Scrapy 实现博客爬虫实例
目标网址:http://i.csensix.com (即本站)
项目地址:blogSpider
系统环境
- CentOS 7.5
- Python 2.7.16
- Scrapy 1.7.3
实现过程
创建项目
scrapy startproject blogSpider
执行完上面的命令,会生成如下目录结构:
blogSpider/
scrapy.cfg # 配置文件
blogSpider/ # 主要代码目录
__init__.py
items.py # 定义项目items
middlewares.py # 项目中间件文件
pipelines.py # 项目管道文件
settings.py # 项目配置
spiders/ # 爬虫目录
__init__.py
编写爬虫 blogSpider/blogSpider/spiders/blog.py
对于html的解析,这里主要用的是.xpath()
方法,Scrapy还提供了.css()
方法可以使用,至于用哪一种,看个人习惯
# -*- coding: utf-8 -*-
# 下面三句作用:防止中文出现乱码
import sys
reload(sys)
sys.setdefaultencoding('utf8')
import scrapy
from blogSpider.items import BlogspiderItem
class BlogSpider(scrapy.Spider):
name = "blog"
allowed_domains = ['csensix.com']
start_urls = [
'http://i.csensix.com/',
]
# 为spider指定pipeline,会覆盖settings.py里面的设置
custom_settings = {
'ITEM_PIPELINES': {'blogSpider.pipelines.SqlitePipeline': 300,}
}
def parse(self, response):
article_list = response.xpath('//article[@class="post"]')

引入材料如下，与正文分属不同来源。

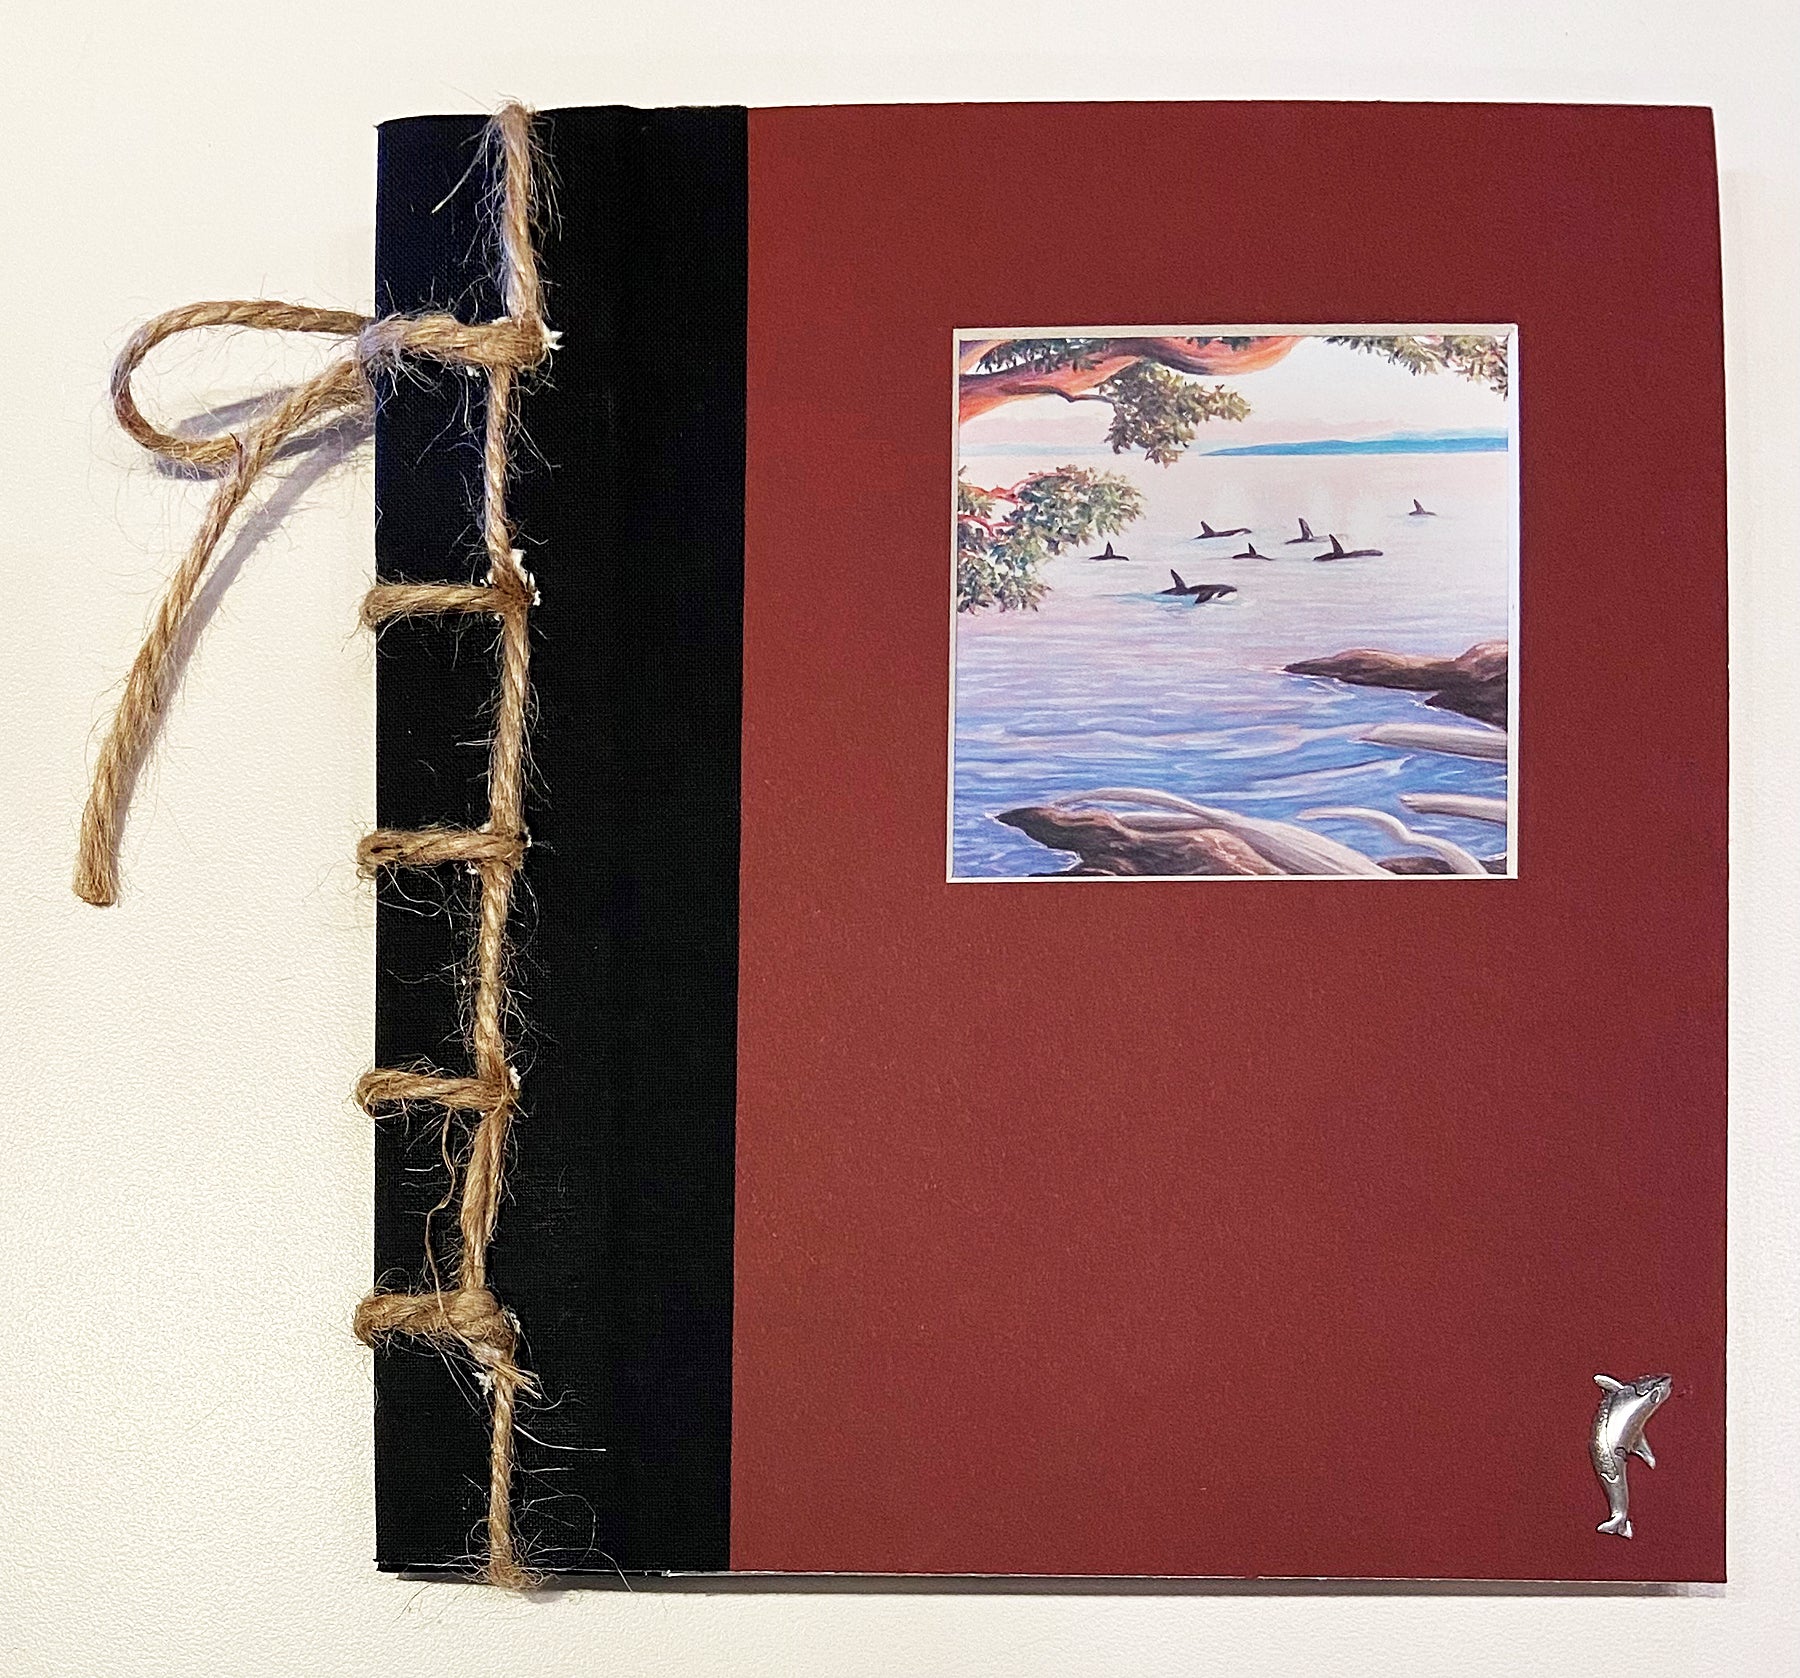 Hand Crafted Journal by Nancy Spaulding

for article in article_list:
# 爬取标题链接
href = article.xpath('./h2/a/@href').get()
# 爬取详情页
yield scrapy.Request(
href,
callback = self.parse_detail
)
# 翻页
next_url = response.xpath('//div[@id="main"]/ol/li[@class="next"]/a/@href').get()
if next_url is not None:
yield scrapy.Request(next_url, callback = self.parse)
def parse_detail(self, response):
item = BlogspiderItem()
item['title'] = response.xpath('//article/h1[@class="post-title"]/a/text()').get()
item['href'] = response.xpath('//article/h1[@class="post-title"]/a/@href').get()
item['post_id'] = item['href'].split('/')[-2]
item['author'] = response.xpath('//article/ul[@class="post-meta"]/li[1]/a/text()').get()
item['publish_time'] = response.xpath('//article/ul[@class="post-meta"]/li[2]/time/text()').get()
item['content'] = response.xpath('//article/div[@class="post-content"]/*').getall()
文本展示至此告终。